Lester Holt is maintaining NBC’s lead in the nightly news battles, but his rivals have moved closer to his network’s vaunted position in the daypart.
Holt, who has been at the helm of “NBC Nightly News” since anchor Brian Williams left the desk after his Feb. 6 broadcast, notched 9.4 million viewers between Feb. 9 and Feb. 13, according to Nielsen data. That marks Holt’s first full five-day stint on the show since Williams departed the program in the wake of an investigation into details he falsified about a 2003 NBC News expedition in Iraq. NBCUniversal suspended Williams, the nation’s most-watched evening news anchor, for six months without pay. ABC’s “World News” garnered about 9.03 million viewers, while CBS’ “Evening News” secured a total viewership of about 7.63 million.
Holt also led his rivals in the viewership most desired by advertisers in news programming. “Nightly News” won 2.29 million adults 25-54 during the same time span. “World News” attracted 2.24 million and “Evening News” won nearly 1.79 million.

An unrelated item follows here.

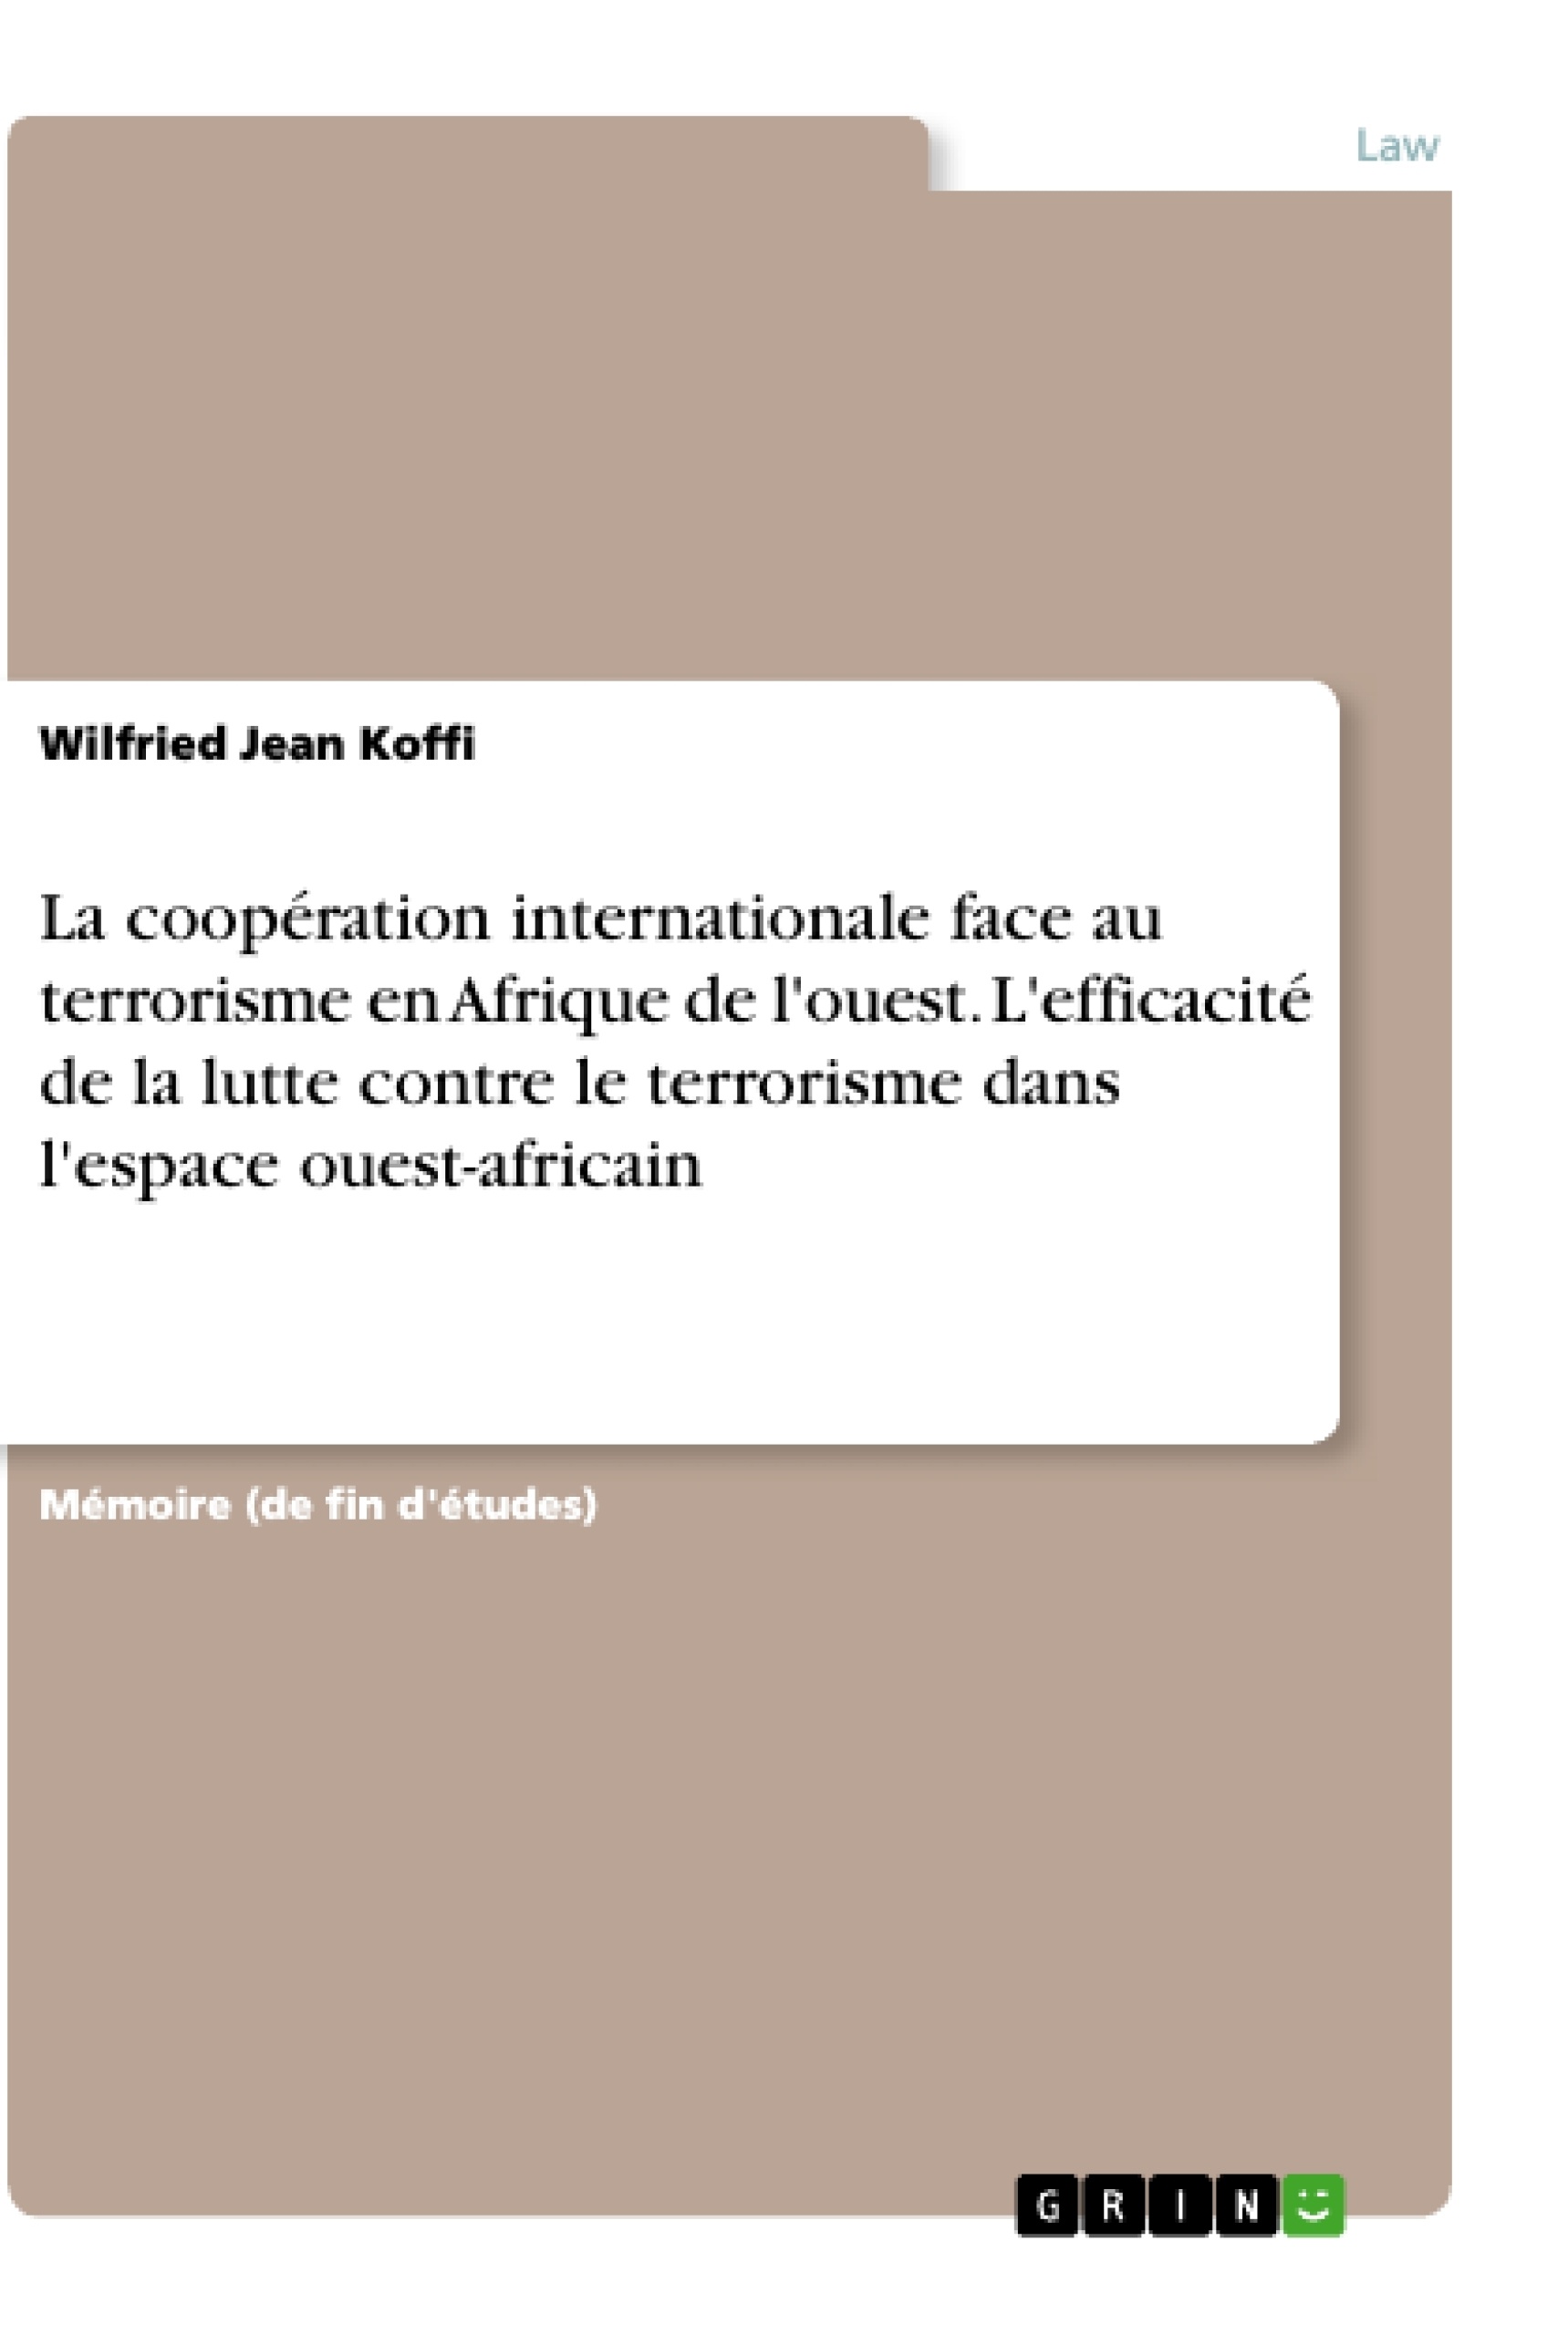 Titre: La coopération internationale face au terrorisme en Afrique de l'ouest. L'efficacité de la lutte contre le terrorisme dans l'espace ouest-africain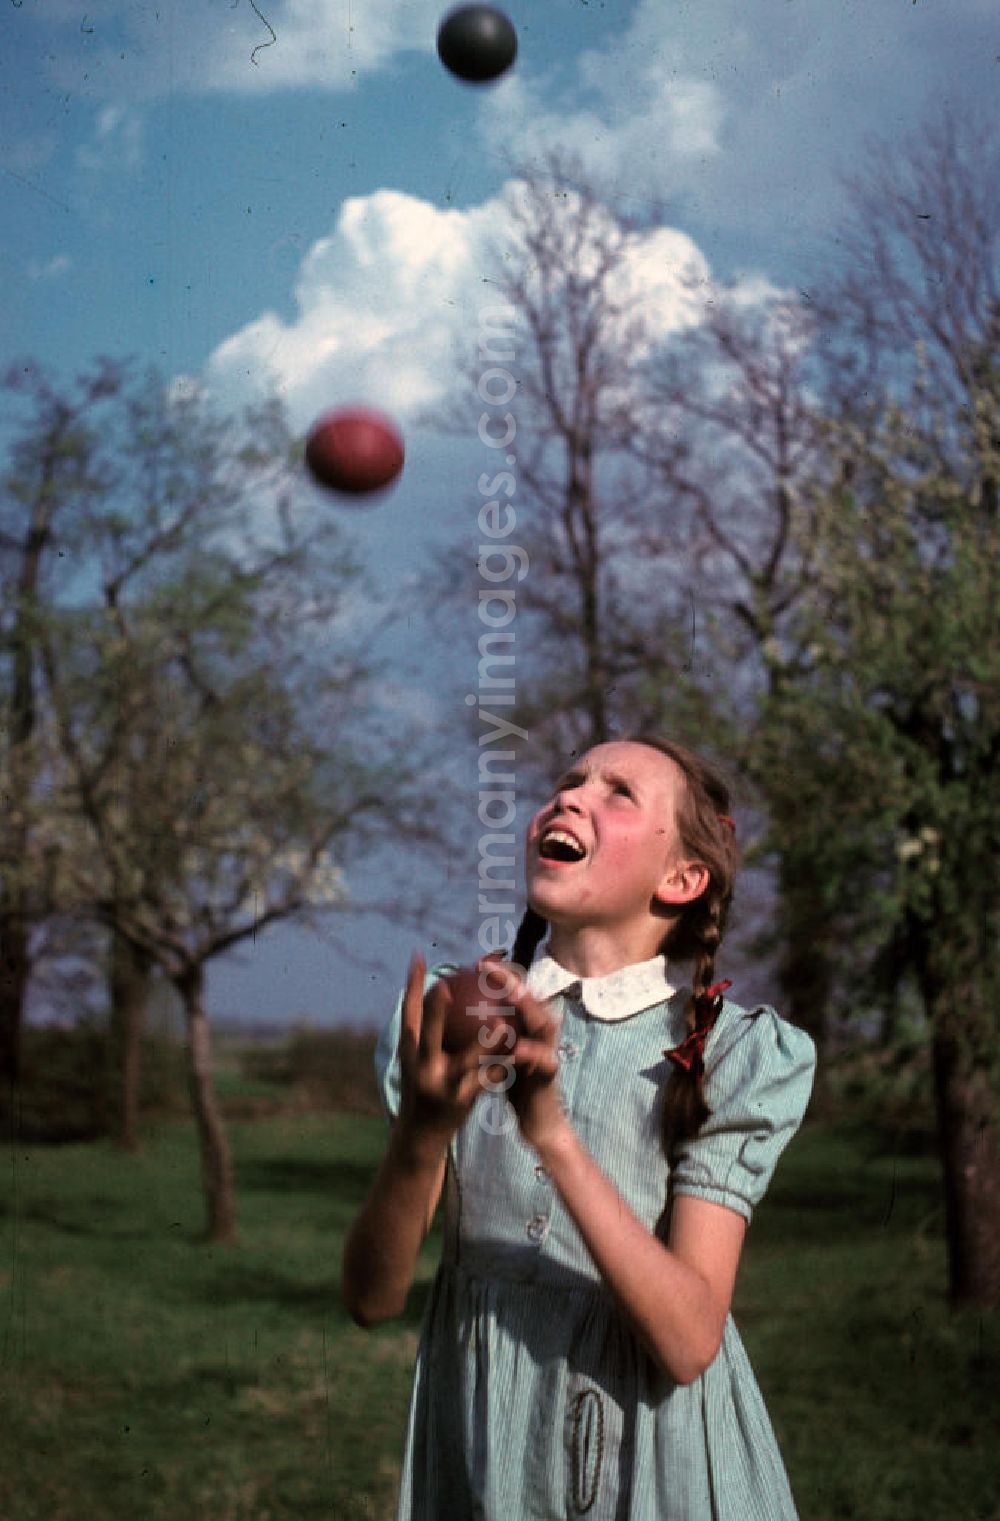 GDR picture archive: Bad Godesberg - Ein Mädchen jongliert mit drei Bällen in einem Park in Bad Godesberg. A girl juggling with three balls in a park in Bad Godesberg.

Even so, “Nightly’s” lead over its rivals is not as robust as it was a year ago, when NBC’s coverage of the Sochi Olympics helped boost the evening newscast to a nine-year ratings high. And it is down 7.6% in total viewers from the prior week, when Williams sat in the chair.
In the 2015 week, NBC’s “Nightly News” lead in total viewers shrank to 4% over ABC’s “World News” compared with 31.3% in the year-earlier week. And its lead over CBS’ “Evening News” fell to 23.2%, compared with 46% in 2014. NBC’s lead among viewers between 25 and 54 over ABC fell to 2.2%, compared with 33% in the year-earlier period, and its lead in the advertiser demo over CBS fell to about 28% compared with 51% in the year-earlier period.
Executives at all three networks will likely be trying to determine how much of NBC’s edge is eroded by the lack of Olympics and how much has dissipated due to Williams’ troubles and his disappearance from the anchor chair.
Within NBC News, a school of thought is emerging that Holt could keep the anchor chair, according to a person familiar with the situation. This person said some NBC News staffers think that if Holt can maintain a lead, albeit a lesser one, the network will continue to utilize him.
At the time of his suspension, NBCUniversal left open the possibility that Williams would again anchor the broadcast. Williams “deserves a second chance, and we are rooting for him,” said Steve Burke, chief executive of the Comcast-owned outlet, even though he called Williams’ actions “inexcusable.”